I recognise your face but I can't remember your name
A few weeks ago we went out for dinner for my father in laws 88th birthday. There were 9 of us. The waitress took 9 orders. She didn’t write down one of them. My wife, and my mother in law, were both worried that the waitress wouldn’t remember our orders. Once again, there was no need for them to be worried. The orders were 100% correct.
Remembering people's orders in a restaurant or people's names are skills that anyone can master. It just takes a little bit of work.
Chances are high, in your role, it will be very useful for you to be good at remembering names and little details on the people you regularly and not so regularly interact with.
I’ve noticed that the people I work with who are very good at remembering names have worked at their technique over the years. They appreciate how important it is.
When you start to confidently recall people’s names, their children’s names, the schools their children attend and the type of coffee they like, it sends out a strong message. No, not that you are stalking them. It sends out a message that you notice them and you listen to them when they are speaking. It highlights that you are interested in them. What a great and simple way to strengthen a relationship.

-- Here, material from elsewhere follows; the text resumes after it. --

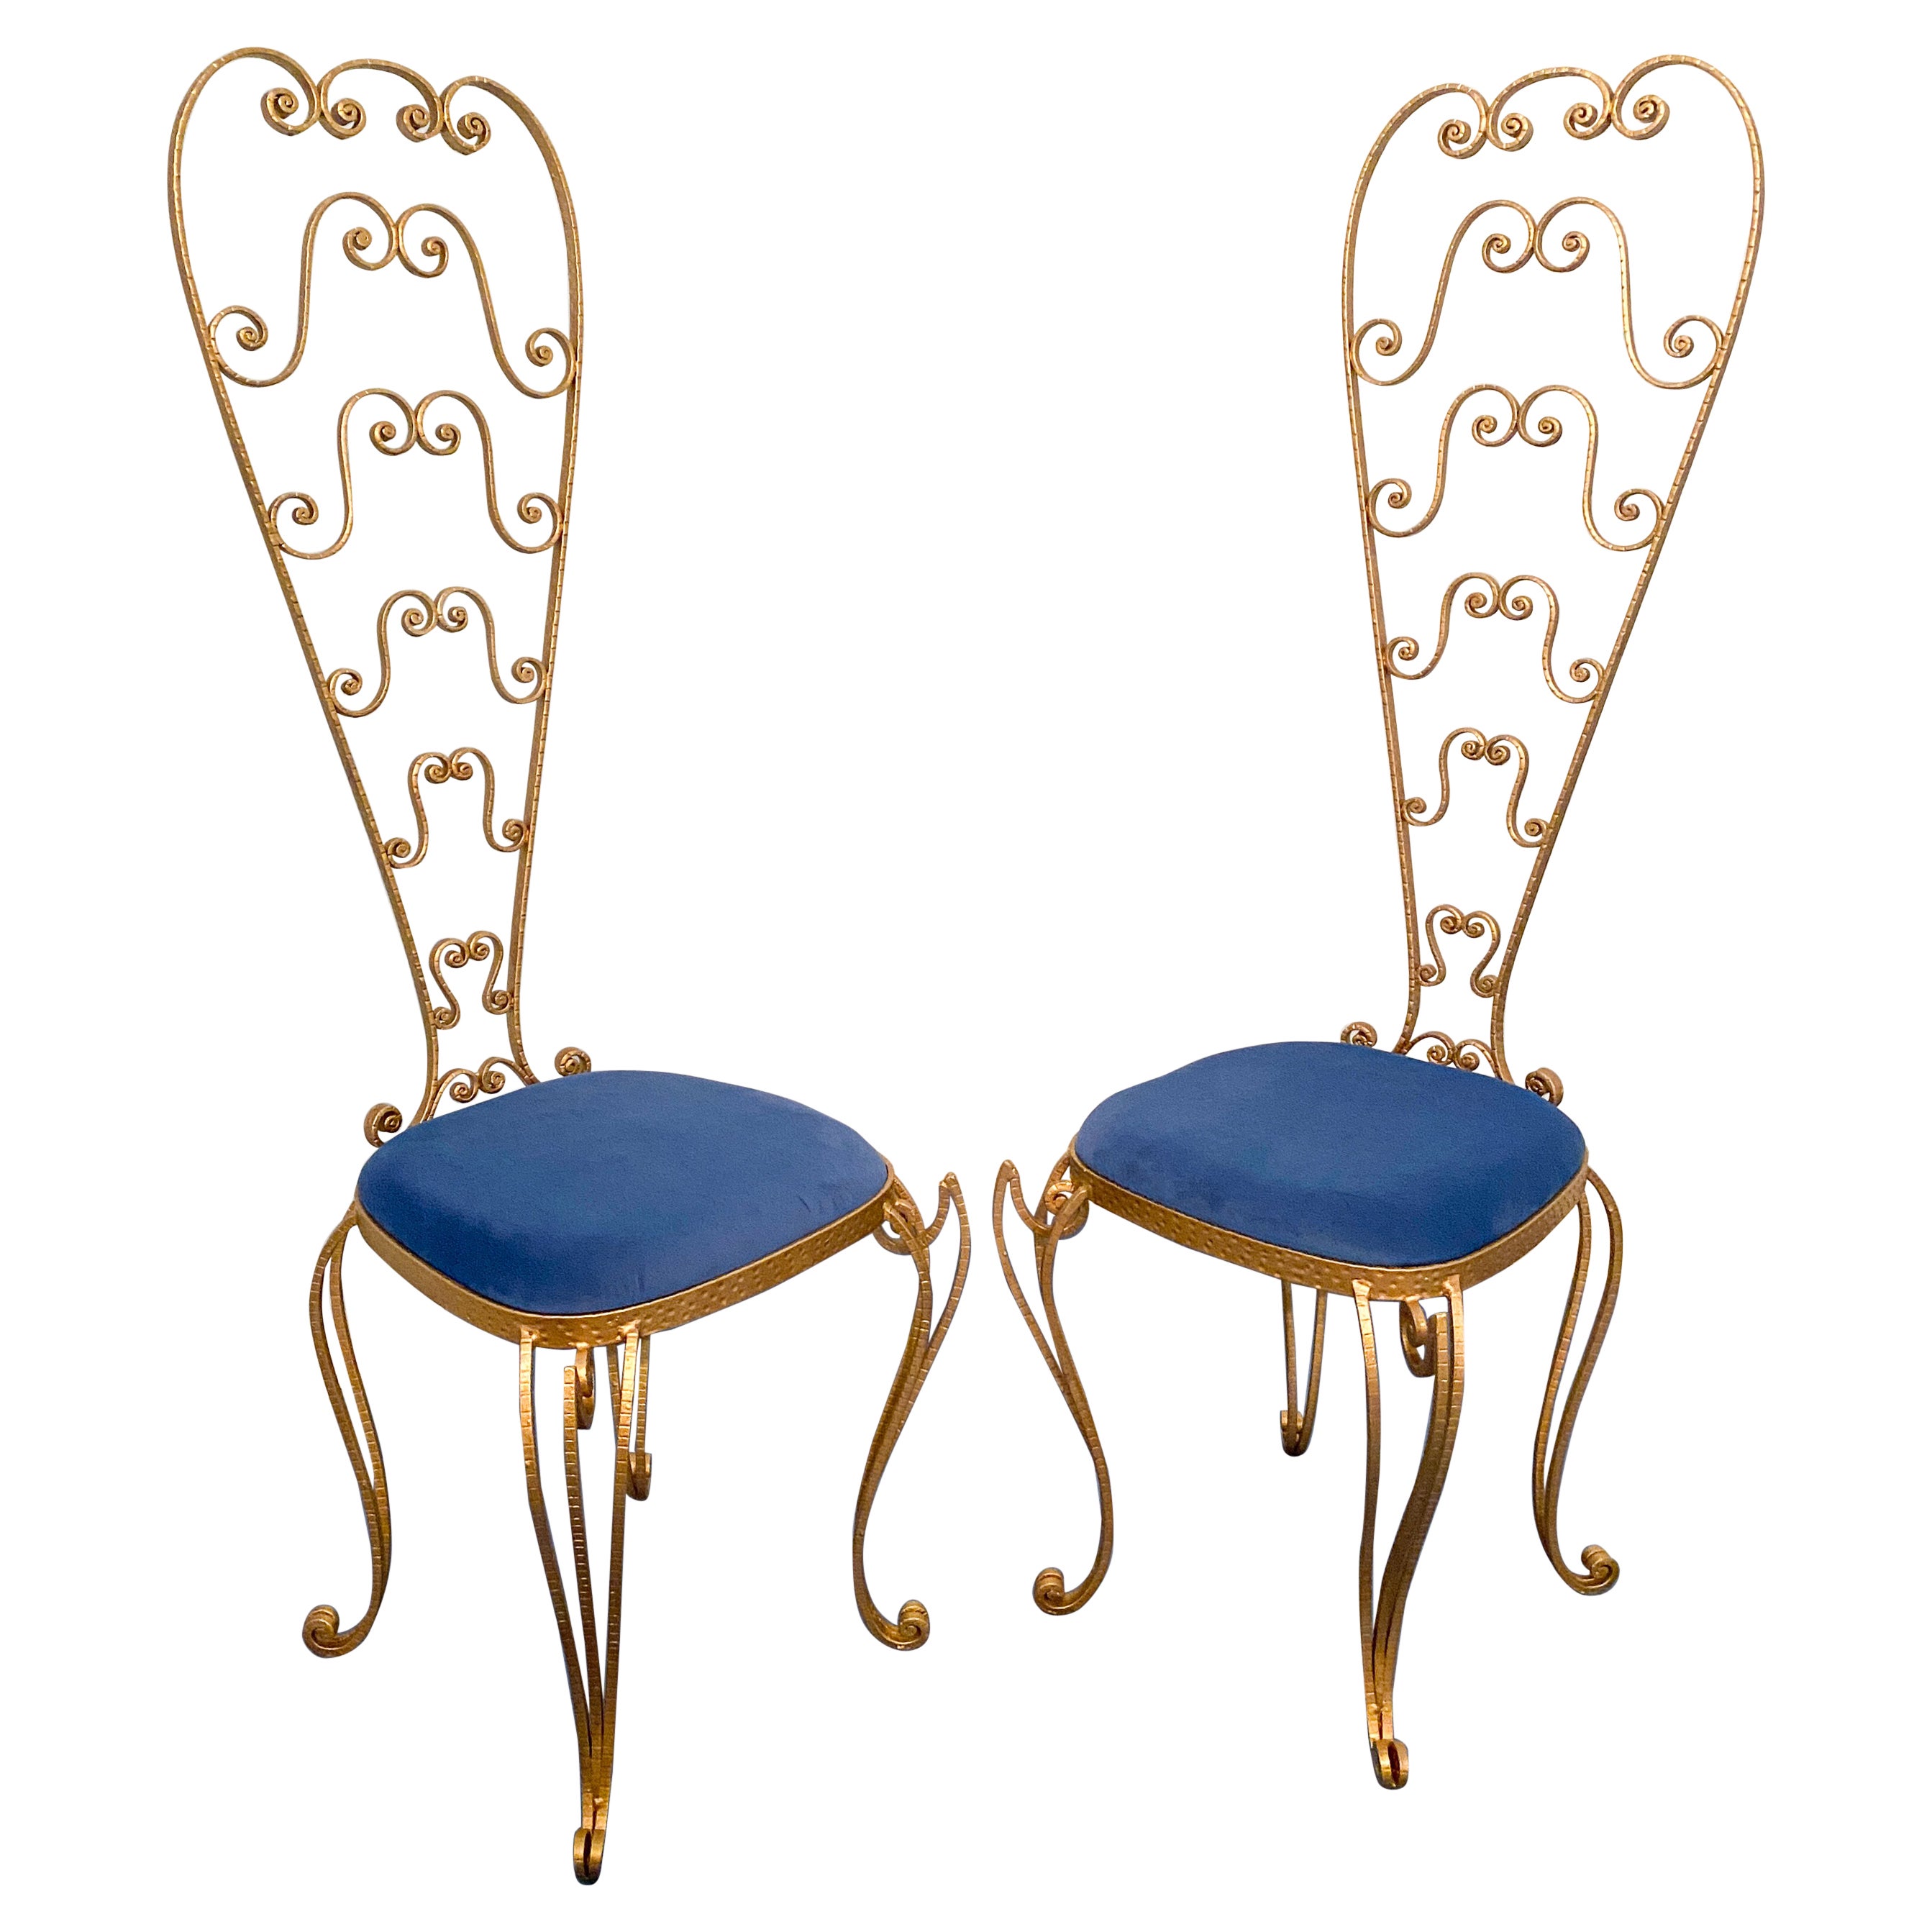 Pair of Italian Mid-Century Modern Luigi Colli Gold Iron Vanity Chairs, 1950s For Sale

Here is a technique that I use for recalling names. I call it the R.A.I.L. technique. I use one or two of these methods to help me when I am meeting new people.
R – Repetition
When you meet someone for the first time, perhaps at an event, I suggest you repeat their name three or four times in the first minute. It might sound a bit like this:
“Hi, I’m Steve, the NSW Sales Manager for Gottanich medical supplies. I don’t believe we’ve met yet”. Offer your hand and smile. They will respond and introduce themselves.
“Hi, I’m Ken”. You then say, “Great to meet you Ken. Can I ask you something, Ken what prompted you to attend this event today"?
Listen closely to Ken’s response, smiling and nodding your head. Then, if the opportunity is there, you might say - “Ken, I’m just going to the bar to get a drink, can I get you one…Ken”?
A – Association
With a bit of quick thinking you should be able to associate the person you have just met with someone else you know who has the same name. Consider this scenario. You have just met Linda at a function. She’s a very fit woman with excellent posture and well-defined biceps. Your mind quickly associates her with Lynda Carter, who played Wonder Woman in the 1970’s TV show. You might not see Linda for another 3 months, but if the association is a good one for you, your mind will be able to recall her name when you next see her.
I - Imagination
It seems that the more vivid our imagination is when remembering names, the better the chance of a recall. I recall years ago meeting an old neighbour of mine for the first time. She introduced herself. Her name was Annette. I immediately thought of her being stuck underneath a giant soccer net. It helped me recall her name. The clear visualisation made it easy for me. Let your imagination run a little wild. It really helps.
Imagine you are at a lunch and you are seated at a table with 7 people you don’t know. When you go to the bar or the bathroom, practice memorising the location of where everyone is seated. Our minds are very good at remembering things in order. After the event, when you return to your desk, sketch out a little map of the seating plan for your table. You’ll be surprised how useful this method can be. With a little bit of practice and enough time, you will be able to recall the names of up to 10 tables of 8 people quite easily.
Your practice plan:
Start small and slowly build. If you learn one new name a day that’s 365 new names by the end of the year. If you tell yourself this is important and you are willing to practice you will improve. Don’t try too hard, just be willing to try. Improvement tends to come in stages. Don’t expect to immediately be great at remembering names. Give yourself a bit of time. Don’t be too hard on yourself. If you were trying to lose weight, unless you had lap band surgery, you wouldn’t expect to lose 40 kilos in 4 weeks.
One final suggestion. Ask your local barista or barman how they remember not only people’s names but also what they drink. They might share with you their technique.
Oh and if you do bump in to me at an event and I appear to being giving you a rather blank look, don’t panic. I’m probably racking my brains to recall if you remind me of either Wonder Woman or a giant soccer net.